▽

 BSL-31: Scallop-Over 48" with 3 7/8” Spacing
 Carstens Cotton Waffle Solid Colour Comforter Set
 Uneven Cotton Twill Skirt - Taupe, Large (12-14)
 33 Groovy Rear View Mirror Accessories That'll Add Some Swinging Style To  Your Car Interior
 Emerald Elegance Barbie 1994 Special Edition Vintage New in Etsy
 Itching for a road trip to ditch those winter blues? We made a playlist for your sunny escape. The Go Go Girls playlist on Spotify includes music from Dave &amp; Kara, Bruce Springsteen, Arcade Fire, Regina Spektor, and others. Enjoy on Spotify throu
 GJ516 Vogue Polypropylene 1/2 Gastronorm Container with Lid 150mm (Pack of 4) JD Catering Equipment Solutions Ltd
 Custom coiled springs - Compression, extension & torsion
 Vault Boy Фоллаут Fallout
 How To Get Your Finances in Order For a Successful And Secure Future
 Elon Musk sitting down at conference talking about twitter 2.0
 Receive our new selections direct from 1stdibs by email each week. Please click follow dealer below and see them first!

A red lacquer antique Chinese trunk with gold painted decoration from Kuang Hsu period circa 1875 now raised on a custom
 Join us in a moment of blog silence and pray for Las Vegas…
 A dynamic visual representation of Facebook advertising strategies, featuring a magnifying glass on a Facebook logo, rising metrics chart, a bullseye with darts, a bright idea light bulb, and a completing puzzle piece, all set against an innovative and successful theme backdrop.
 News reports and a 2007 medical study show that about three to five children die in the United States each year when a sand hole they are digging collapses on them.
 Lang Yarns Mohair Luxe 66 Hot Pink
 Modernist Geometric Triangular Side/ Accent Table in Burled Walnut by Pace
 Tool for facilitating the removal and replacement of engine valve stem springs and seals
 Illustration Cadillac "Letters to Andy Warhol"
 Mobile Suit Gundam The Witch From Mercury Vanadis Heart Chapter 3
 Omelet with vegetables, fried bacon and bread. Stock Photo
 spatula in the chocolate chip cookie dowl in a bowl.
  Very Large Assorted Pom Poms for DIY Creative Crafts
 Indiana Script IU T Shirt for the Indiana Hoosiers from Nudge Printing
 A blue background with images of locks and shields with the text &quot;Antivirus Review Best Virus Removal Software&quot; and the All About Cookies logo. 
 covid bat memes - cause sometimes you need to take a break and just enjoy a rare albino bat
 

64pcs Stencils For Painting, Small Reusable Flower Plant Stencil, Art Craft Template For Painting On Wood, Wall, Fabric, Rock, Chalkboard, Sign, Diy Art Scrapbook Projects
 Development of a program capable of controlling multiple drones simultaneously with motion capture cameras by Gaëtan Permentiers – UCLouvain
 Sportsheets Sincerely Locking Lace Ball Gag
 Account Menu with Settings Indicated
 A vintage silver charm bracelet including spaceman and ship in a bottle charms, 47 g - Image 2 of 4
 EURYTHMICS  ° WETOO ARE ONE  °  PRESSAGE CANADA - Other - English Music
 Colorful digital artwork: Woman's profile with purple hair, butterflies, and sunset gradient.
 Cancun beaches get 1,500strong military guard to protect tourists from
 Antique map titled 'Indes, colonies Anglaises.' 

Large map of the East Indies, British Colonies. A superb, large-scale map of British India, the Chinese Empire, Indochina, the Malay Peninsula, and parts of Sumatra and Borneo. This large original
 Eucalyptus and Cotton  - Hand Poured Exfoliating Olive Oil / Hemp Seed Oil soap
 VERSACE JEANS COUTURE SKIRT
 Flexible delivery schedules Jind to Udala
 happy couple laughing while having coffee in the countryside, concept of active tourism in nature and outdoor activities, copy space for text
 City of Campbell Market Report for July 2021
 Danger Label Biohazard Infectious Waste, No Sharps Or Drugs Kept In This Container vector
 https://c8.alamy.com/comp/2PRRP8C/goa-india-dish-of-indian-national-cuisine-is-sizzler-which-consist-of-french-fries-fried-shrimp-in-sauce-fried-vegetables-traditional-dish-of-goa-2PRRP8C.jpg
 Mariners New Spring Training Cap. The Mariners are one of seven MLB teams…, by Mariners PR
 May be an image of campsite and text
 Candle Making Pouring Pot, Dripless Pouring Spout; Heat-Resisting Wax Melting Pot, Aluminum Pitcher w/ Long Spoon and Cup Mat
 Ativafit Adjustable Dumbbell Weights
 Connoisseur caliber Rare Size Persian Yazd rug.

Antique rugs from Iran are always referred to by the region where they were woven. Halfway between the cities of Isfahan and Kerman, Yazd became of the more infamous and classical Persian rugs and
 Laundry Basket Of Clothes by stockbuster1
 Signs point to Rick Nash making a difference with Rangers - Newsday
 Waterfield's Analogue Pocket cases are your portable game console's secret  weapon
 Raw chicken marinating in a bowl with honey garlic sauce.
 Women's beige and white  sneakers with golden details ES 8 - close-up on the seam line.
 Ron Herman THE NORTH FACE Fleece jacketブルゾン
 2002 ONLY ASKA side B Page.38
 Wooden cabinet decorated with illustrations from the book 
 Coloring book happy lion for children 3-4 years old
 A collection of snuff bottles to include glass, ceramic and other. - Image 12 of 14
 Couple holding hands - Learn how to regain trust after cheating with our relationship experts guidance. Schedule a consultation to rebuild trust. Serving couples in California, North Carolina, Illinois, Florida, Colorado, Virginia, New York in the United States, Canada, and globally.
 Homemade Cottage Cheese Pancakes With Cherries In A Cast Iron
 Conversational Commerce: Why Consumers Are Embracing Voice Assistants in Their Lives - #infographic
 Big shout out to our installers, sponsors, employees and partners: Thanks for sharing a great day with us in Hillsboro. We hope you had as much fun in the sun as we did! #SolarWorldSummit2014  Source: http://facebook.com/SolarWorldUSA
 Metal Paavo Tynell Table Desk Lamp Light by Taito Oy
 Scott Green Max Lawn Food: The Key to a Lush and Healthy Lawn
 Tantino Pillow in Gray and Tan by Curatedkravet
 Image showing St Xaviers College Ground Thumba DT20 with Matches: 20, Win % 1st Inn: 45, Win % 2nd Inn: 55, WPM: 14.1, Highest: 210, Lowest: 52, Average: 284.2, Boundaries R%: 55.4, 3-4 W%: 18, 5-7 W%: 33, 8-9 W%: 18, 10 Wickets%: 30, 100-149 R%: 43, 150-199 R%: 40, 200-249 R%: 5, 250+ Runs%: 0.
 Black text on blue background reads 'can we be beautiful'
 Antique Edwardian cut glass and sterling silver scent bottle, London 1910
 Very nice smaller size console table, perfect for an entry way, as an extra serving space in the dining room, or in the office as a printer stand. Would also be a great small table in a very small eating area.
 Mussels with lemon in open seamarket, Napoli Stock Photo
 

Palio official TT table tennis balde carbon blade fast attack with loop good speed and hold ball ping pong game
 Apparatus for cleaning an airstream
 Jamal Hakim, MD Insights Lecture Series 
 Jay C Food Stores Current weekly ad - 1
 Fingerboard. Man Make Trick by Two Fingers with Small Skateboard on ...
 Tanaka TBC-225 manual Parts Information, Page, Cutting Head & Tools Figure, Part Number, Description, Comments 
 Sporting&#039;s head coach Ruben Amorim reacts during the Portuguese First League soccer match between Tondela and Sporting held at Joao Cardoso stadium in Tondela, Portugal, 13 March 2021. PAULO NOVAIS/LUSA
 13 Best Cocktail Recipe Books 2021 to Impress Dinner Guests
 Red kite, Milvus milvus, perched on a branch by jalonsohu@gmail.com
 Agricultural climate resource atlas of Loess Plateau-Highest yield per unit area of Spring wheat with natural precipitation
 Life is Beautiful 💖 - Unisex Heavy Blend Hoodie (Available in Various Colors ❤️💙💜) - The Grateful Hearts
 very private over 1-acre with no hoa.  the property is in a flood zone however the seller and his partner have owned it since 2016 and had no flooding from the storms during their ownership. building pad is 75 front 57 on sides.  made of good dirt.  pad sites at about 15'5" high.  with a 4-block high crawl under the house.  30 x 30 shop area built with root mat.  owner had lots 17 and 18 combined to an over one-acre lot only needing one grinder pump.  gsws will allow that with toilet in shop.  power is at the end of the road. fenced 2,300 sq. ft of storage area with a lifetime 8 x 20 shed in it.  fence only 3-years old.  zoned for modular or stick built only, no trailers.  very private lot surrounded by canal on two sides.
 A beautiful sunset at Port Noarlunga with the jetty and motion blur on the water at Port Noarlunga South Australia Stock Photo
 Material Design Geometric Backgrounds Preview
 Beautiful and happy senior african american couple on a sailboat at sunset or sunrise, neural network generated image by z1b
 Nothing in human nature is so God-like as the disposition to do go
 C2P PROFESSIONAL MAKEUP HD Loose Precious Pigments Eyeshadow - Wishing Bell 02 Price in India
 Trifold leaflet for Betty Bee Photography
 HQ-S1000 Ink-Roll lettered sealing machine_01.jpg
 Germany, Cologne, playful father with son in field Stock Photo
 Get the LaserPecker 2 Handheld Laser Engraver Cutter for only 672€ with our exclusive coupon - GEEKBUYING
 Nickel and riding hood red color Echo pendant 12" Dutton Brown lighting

△

• Work instruction
Nothing but the lines from the start of the data above through the line with "Elon Musk sitting" should appear in your answer, copied exactly.

• Response area
 BSL-31: Scallop-Over 48" with 3 7/8” Spacing
 Carstens Cotton Waffle Solid Colour Comforter Set
 Uneven Cotton Twill Skirt - Taupe, Large (12-14)
 33 Groovy Rear View Mirror Accessories That'll Add Some Swinging Style To  Your Car Interior
 Emerald Elegance Barbie 1994 Special Edition Vintage New in Etsy
 Itching for a road trip to ditch those winter blues? We made a playlist for your sunny escape. The Go Go Girls playlist on Spotify includes music from Dave &amp; Kara, Bruce Springsteen, Arcade Fire, Regina Spektor, and others. Enjoy on Spotify throu
 GJ516 Vogue Polypropylene 1/2 Gastronorm Container with Lid 150mm (Pack of 4) JD Catering Equipment Solutions Ltd
 Custom coiled springs - Compression, extension & torsion
 Vault Boy Фоллаут Fallout
 How To Get Your Finances in Order For a Successful And Secure Future
 Elon Musk sitting down at conference talking about twitter 2.0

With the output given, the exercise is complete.